Try it —
I need every line that includes the word "just" copied from the material.

Records shown —

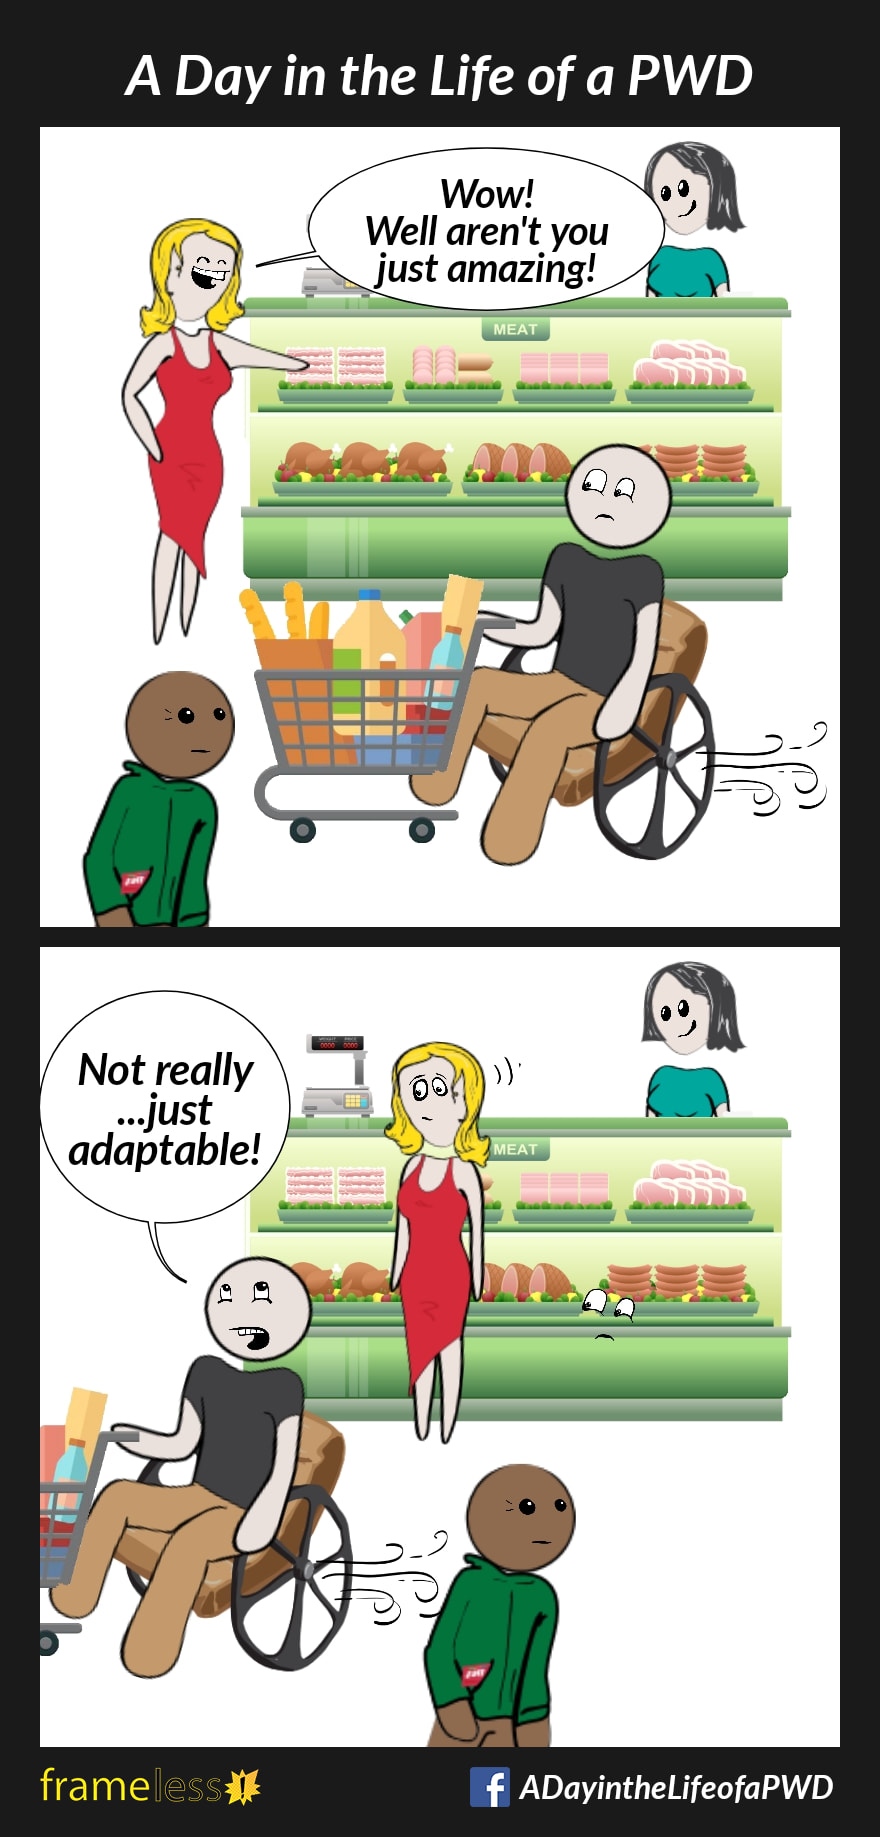 COMIC STRIP 
A Day in the Life of a PWD (Person With a Disability) 

Frame 1:
A nan in a manual wheelchair is traveling through a grocery store, pushing a grocery cart.
A woman at the deli counter notices him.
WOMAN: Wow! Well aren't you just amazing!

Frame 2:
MAN: Not really...just adaptable!
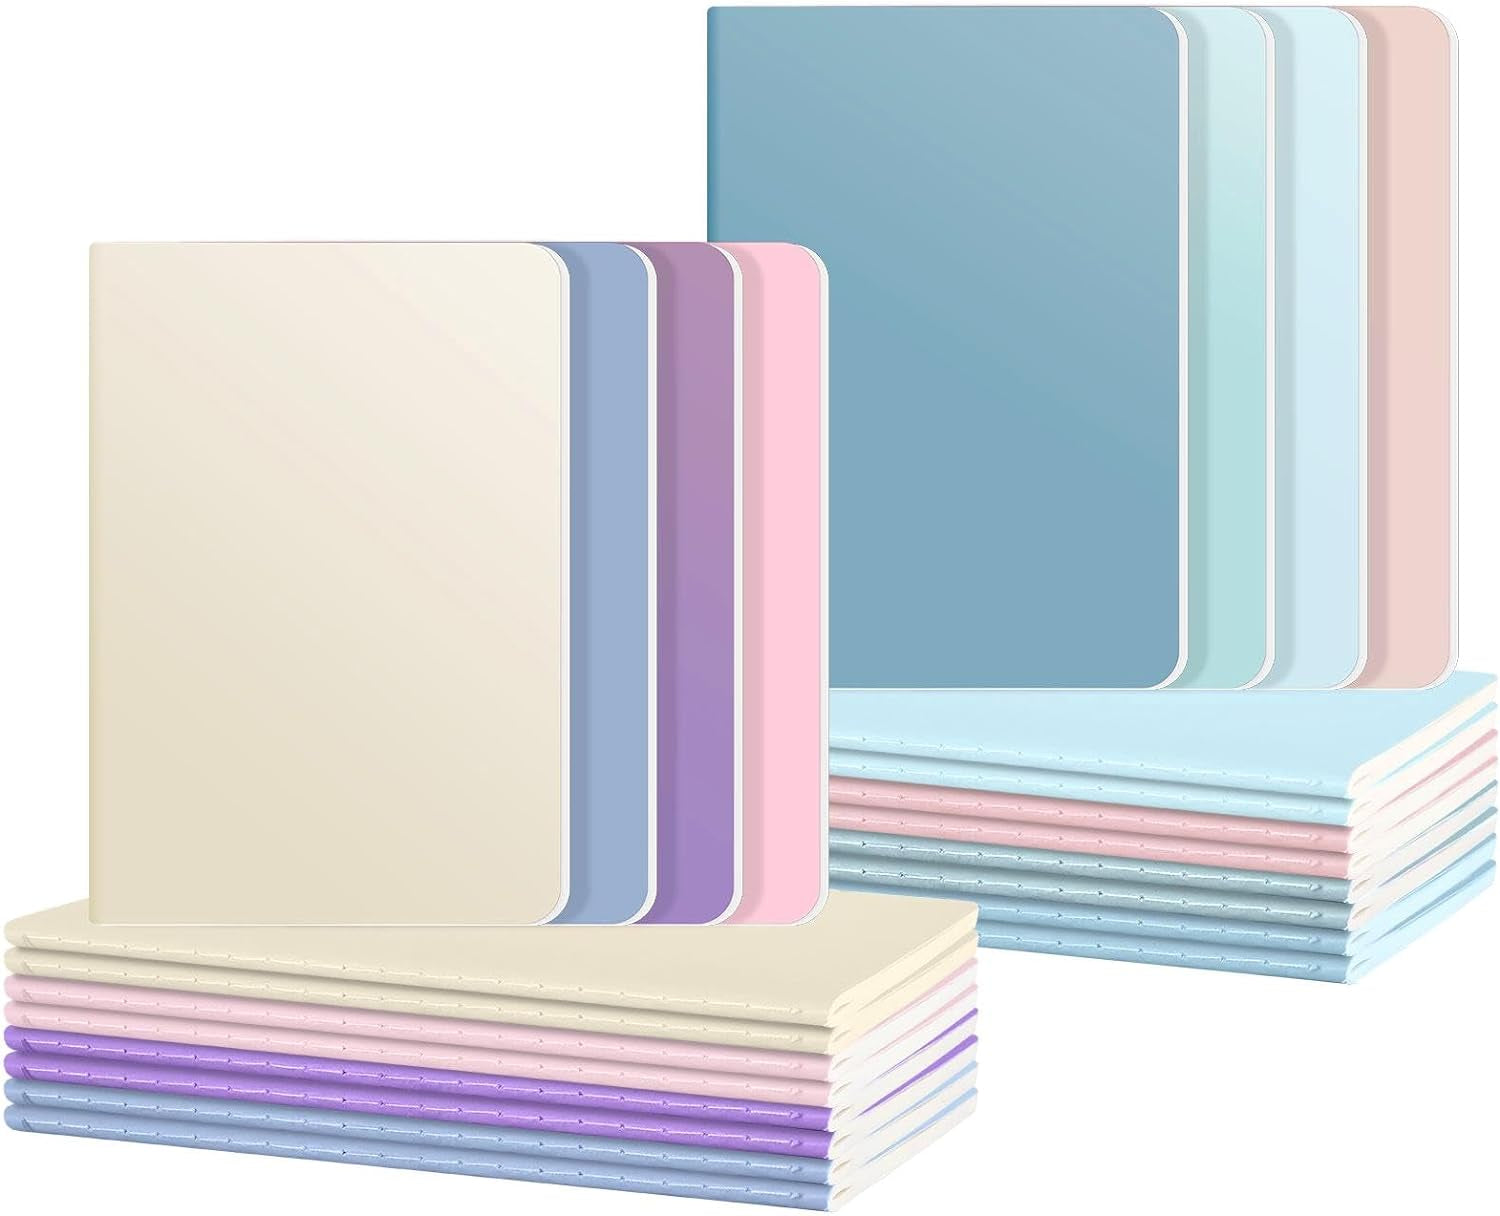 24 Pack Colorful Notebooks, Journals in Bulk, Lined Paper Sketchbooks, 72 Pages, 36 Sheets, 8.3X5.5 Inch, A5 Size, Travel Writing Notebooks Journal for Office School Supplies (24, 8 Colors)

Expected output —
WOMAN: Wow! Well aren't you just amazing!
MAN: Not really...just adaptable!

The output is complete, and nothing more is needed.